Several authors proposed techniques to reduce the cross‐scatter and improve the image quality for DCBCT [16‐18, 20]. Giles et al.17 proposed that almost all cross‐scatter effects can be removed by interleaved acquisition, which can be achieved at the same angular sampling rate by either doubling the data acquisition rate or halving the rotation speed.
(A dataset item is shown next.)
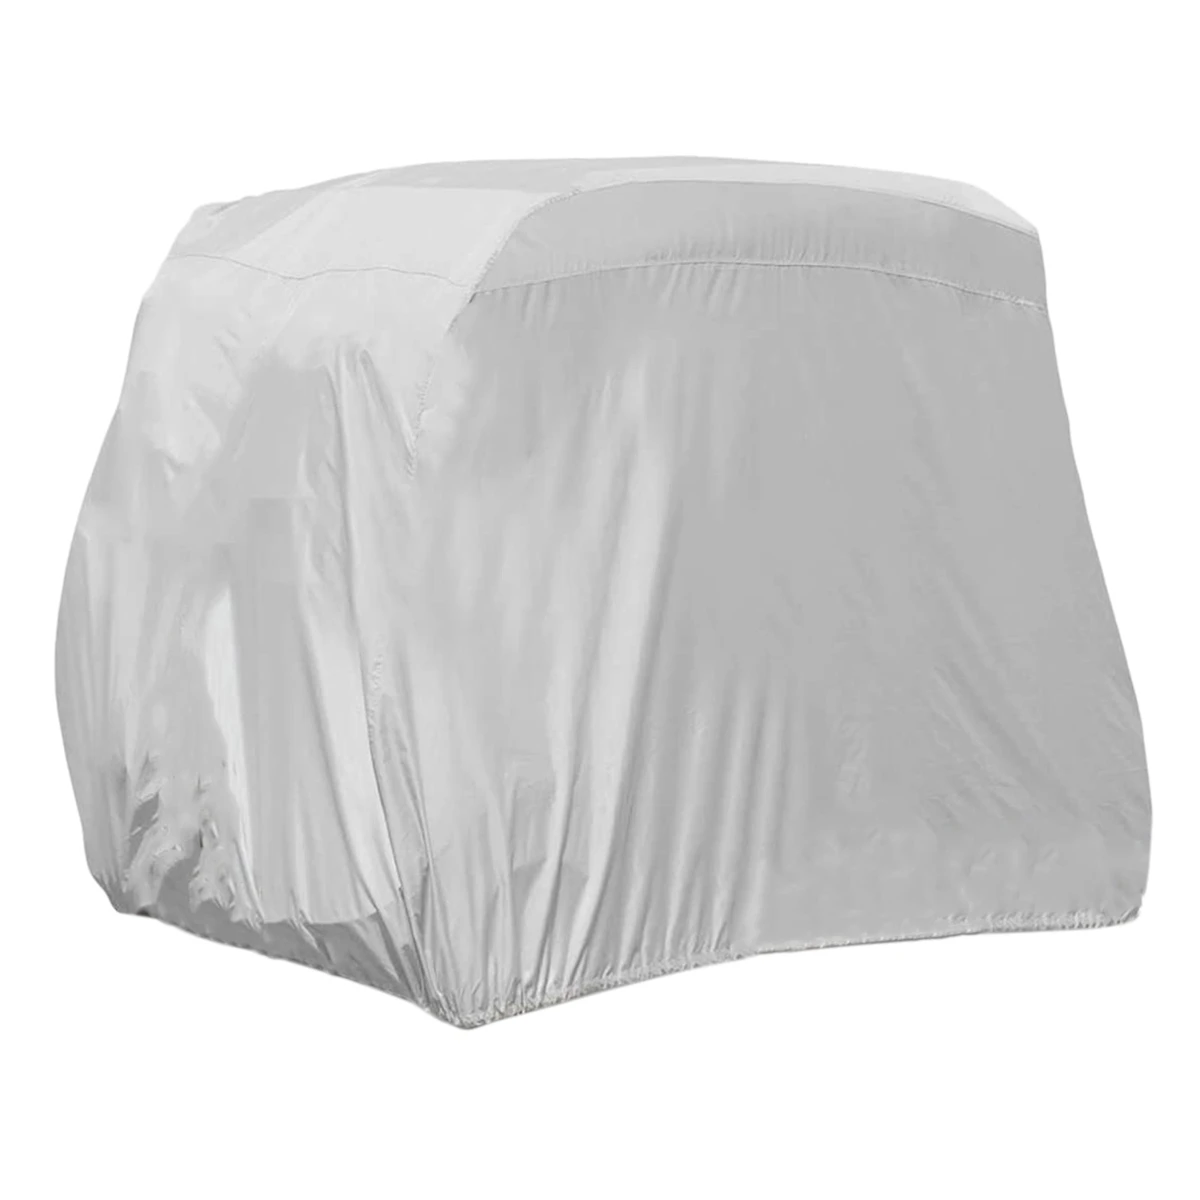 

4 Passenger Golf Cart Cover 210D Oxford Waterproof Dustproof Roof Enclosure Rain Cover for EZ GO, Club Car,

In another study, a bowtie filter was used to reduce the scatter‐to‐primary radiation ratio and improve image quality.20 Because of the limitation of the hardware used in scatter‐reduction methods, Zhu et al.16 proposed reducing the cross‐scatter effects using post‐processing techniques. In the Vero4DRT system, no cross‐scatter correction method, including an effective acquisition technique, bowtie filter, or post‐processing technique, is implemented.
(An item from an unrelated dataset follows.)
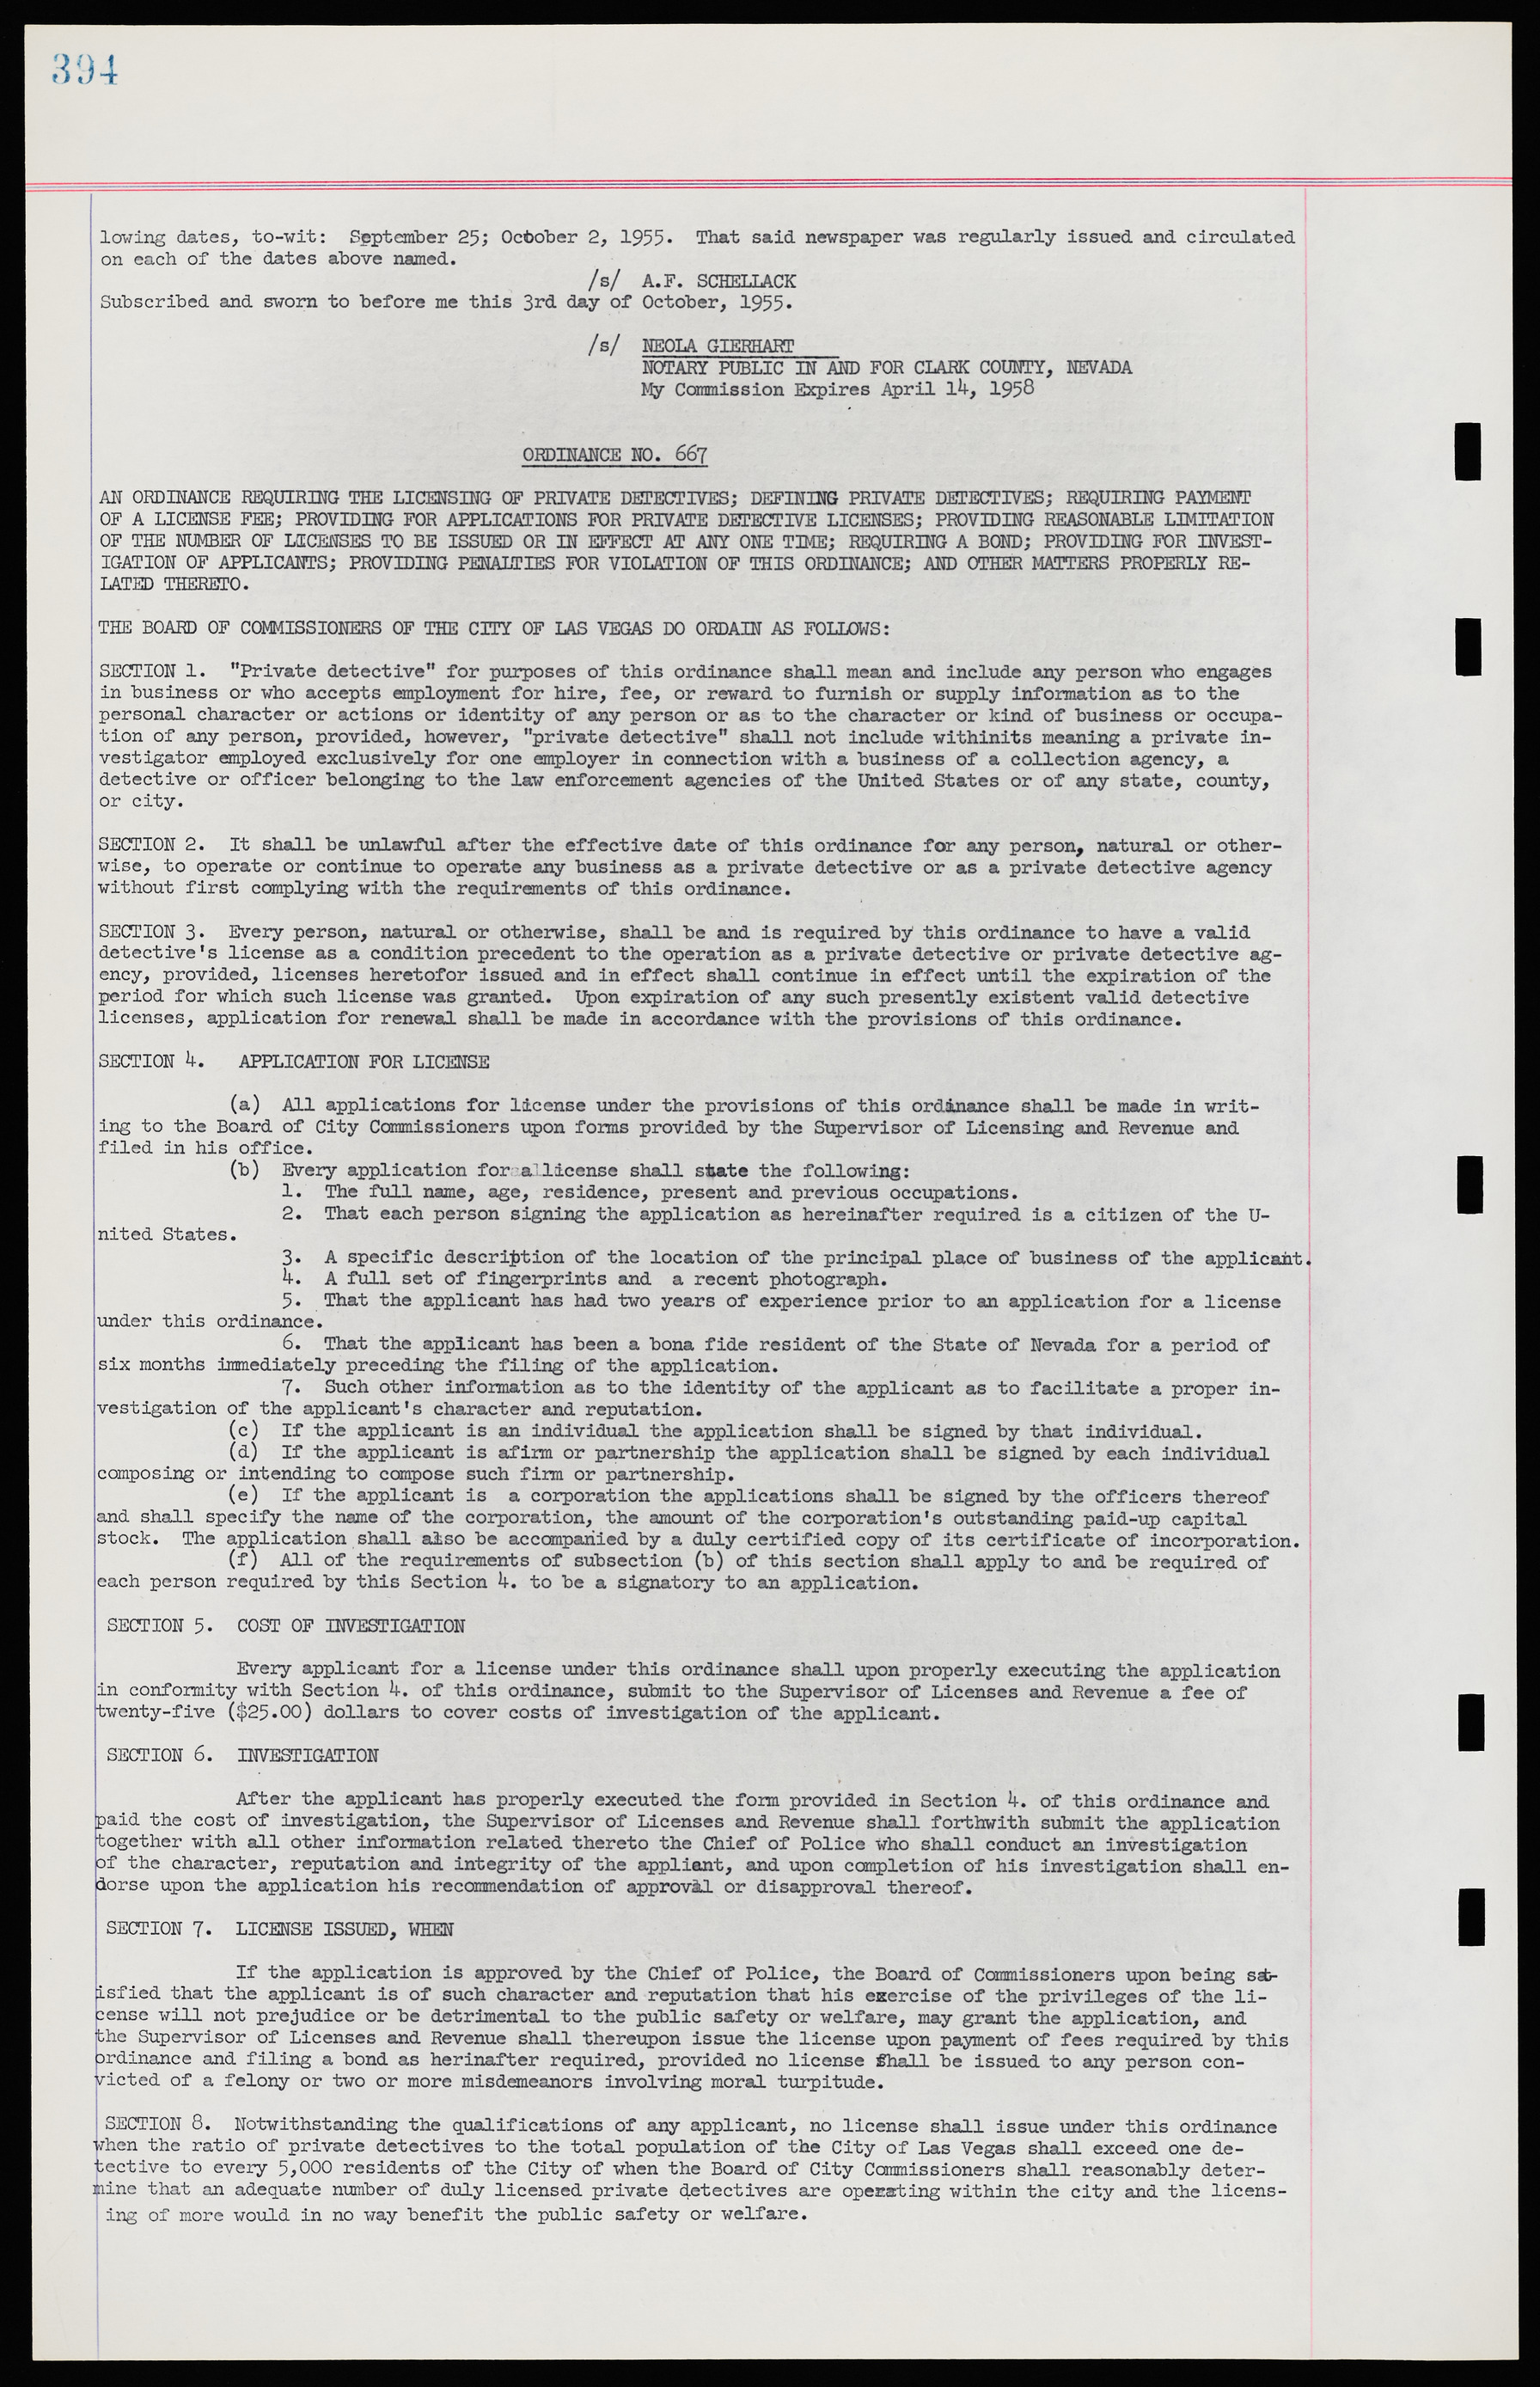 Las Vegas City Ordinances, November 13, 1950 to August 6, 1958, lvc000015-402

A CBCT scan can be acquired over a 360° rotation at a maximum angular speed of one rotation per minute. In the Vero4DRT or other on‐board SCBCT systems, acquisition of a CBCT half‐scan using a single kV source takes approximately 30 s, which makes a breath‐hold CT scan difficult to implement. Future studies should investigate the effect of DCBCT on reducing motion artifacts. Data from a phantom may not represent the final say in image quality with respect to clinical patient data because a phantom is relatively uniform, unlike a patient. Figure 7 shows axial images of the pelvic region obtained with SCBCT and DCBCT. A CBCT correction algorithm for clinical use is necessary to improve the DCBCT image quality.21 We will further investigate the performance of DCBCT in other imaging regions (e.g., thorax and abdomen).

Figure 7.

Figure 7

Axial images of the pelvis region obtained using (a) SCBCT and (b) DCBCT.

5. CONCLUSIONS

In this study, we evaluated the image quality and absorbed dose for DCBCT by comparing them with the corresponding values for SCBCT, using the Vero4DRT. Compared with SCBCT, DCBCT had slightly reduced image uniformity. A strong linear correlation existed between the mean HU values in the ROIs obtained by DCBCT and the reference HU, although the linear regression slope was different from that of conventional CT. The image contrast with DCBCT, particularly for extreme‐contrast material, was worse than that with SCBCT, even though the absorbed dose was higher.

CONFLICT OF INTEREST

No conflicts of interest.

ACKNOWLEDGMENTS

The authors thank Mr. Satoshi MURAKI of Mitsubishi Heavy Industries, LTD. for useful advice.